Published on 12, July, 2020
Like many (most?) autistic people I feel very disconnected from other people. I’ve often said I feel like an invisible ghost walking among the living.
But sitting in the dark in my house with the blinds closed, wondering if there is a real world outside or if I’m trapped in a bubble, has reminded me of a thought that I seriously toyed with in my darkest period, in my late teens.
Solipsism.
The idea that my mind is the only thing that exists. That other people aren’t real. A bit, I suppose, like I’m the only real player character trapped in a game full of NPCs and that’s why I can’t connect with anyone - they’re not real.
Ironically, of late, I’ve considered that it’s me who’s an NPC.
Have any of you ever felt this way?
Amerantin (former member) said:Have any of you ever felt this way
I haven't in quite the way you suggest, but I have in others.
So, the obvious one is what you 1st mention - social isolation.
However, I've also experienced 2 things that made me feel very detached from the world.
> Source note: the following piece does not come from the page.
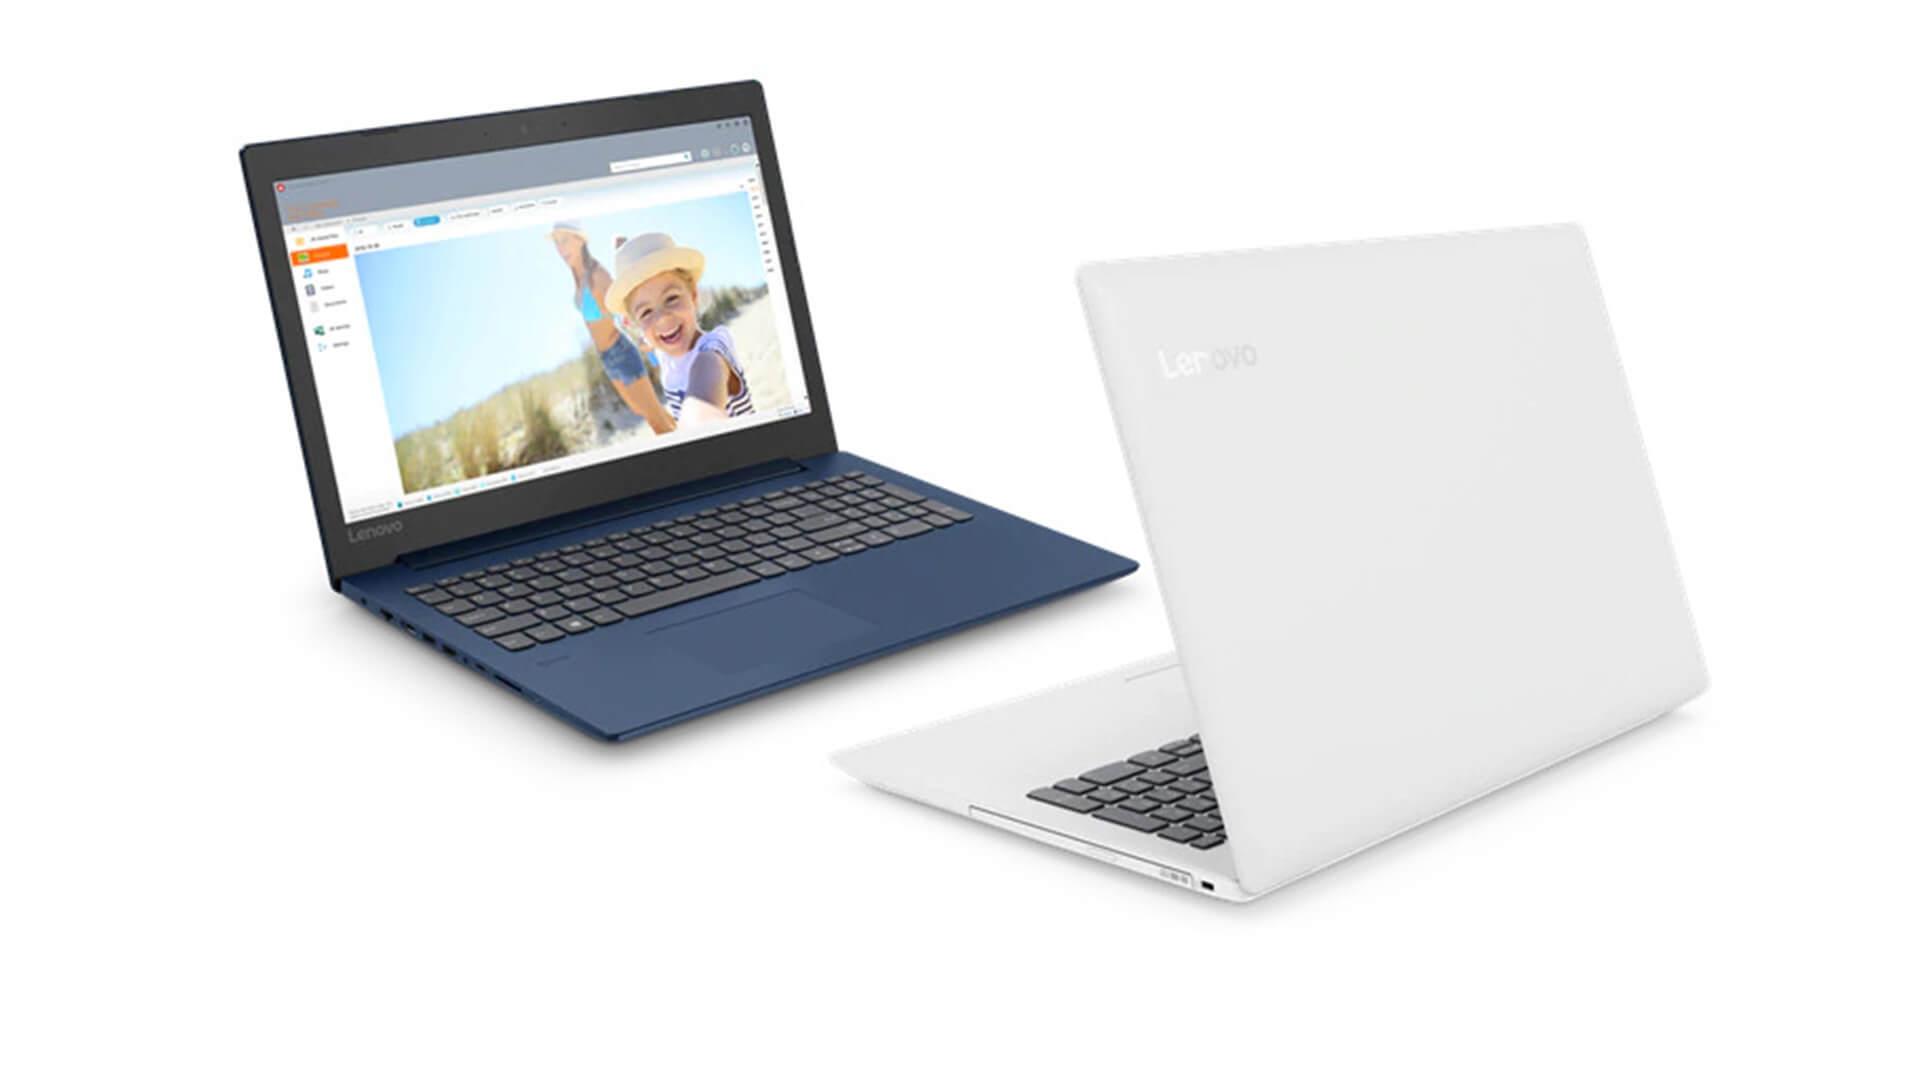 لپ تاپ لنوو Ideapad 330 - U

1. Alice in Wonderland Syndrome, quite often, as a child:
https://www.bbc.com/future/article/20230313-the-mystery-of-alice-in-wonderland-syndrome
2. Dissociation a few times in my life:
https://www.mind.org.uk/information-support/types-of-mental-health-problems/dissociation-and-dissociative-disorders/about-dissociation/
I hadn’t heard of Alice in Wonderland syndrome before but I am very familiar with dissociation.
I regularly dissociate during stressful experiences. For example at the dentist, I basically depart my body. Similar when I have to fly somewhere. I can basically ignore pain during this too.
What I hadn’t realised or understood was dissociation in connection with past memories that were traumatic. This came out in discussion with my therapist last year.